Let me ask this question: if a drug existed which when taken would give you the same thrill solving the equation 2+2=4 that Einstein got in deriving General Relativity, would you take it?  What if the thrill were LARGER, exponentially so?  What if the feeling could be induced in you of ecstasy that lasted for days?

What if you could be made to fall in love with your phone?  What if chemicals could be administered which not only mimicked the best, highest qualitative feelings of being in love, but surpassed them considerably?
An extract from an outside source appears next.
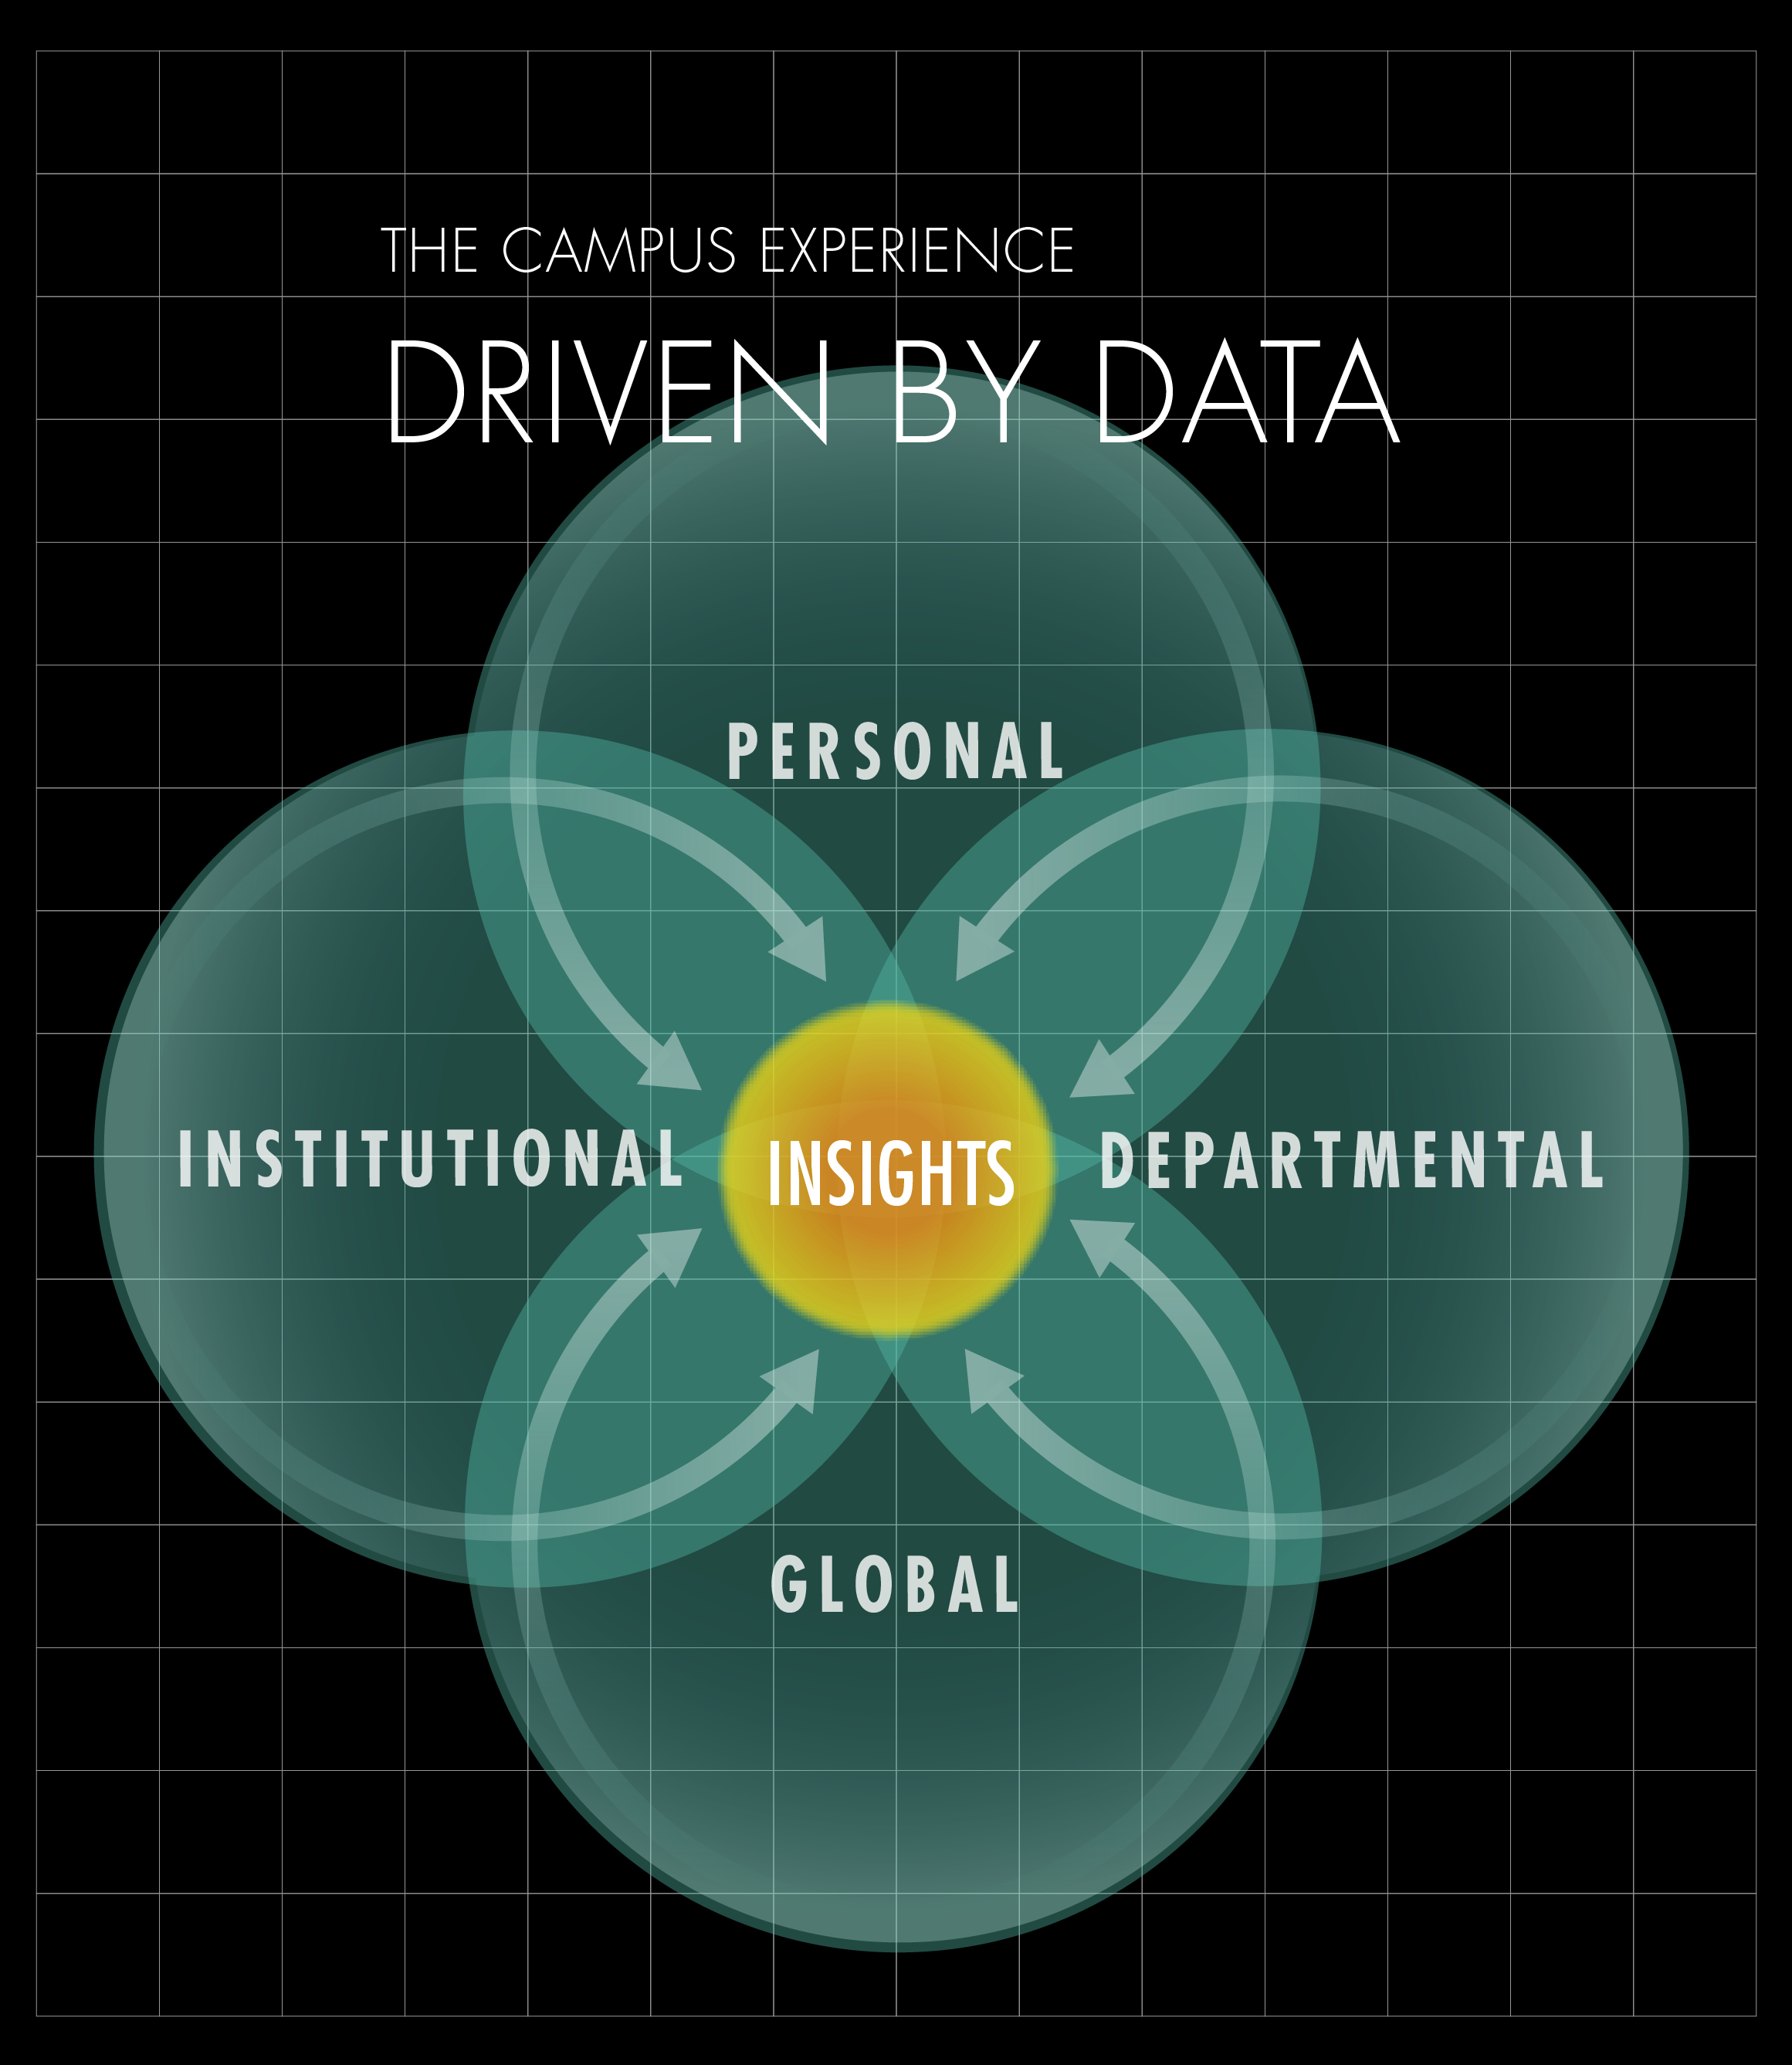 The Campus Experience DRIVEN BY DATA

What role does conscious awareness play, what role logic, in this universe?  What purpose does life have?  If we can take drugs which create the FEELING of purpose while floating aimlessly in a backyard pool, can we say that the concept of “meaning” has meaning, that it is something more than a biochemical sensation? 

I say yes, definitely so.  I say that mechanistic understandings of life make these sorts of mind experiments possible, but that in the final analysis, life is not coterminous with biology.  This is a metaphysical point, and a critical one; and one at that well supported empirically.

We can discuss these issues, and failure is not inevitable.  We do not have to abandon principle at the first sign of resistance.  We do not have to feel guilt at not always being “nice”.  We can stake claims as to what it means to be human, and counter the claims of those whose empirical backing is much weaker.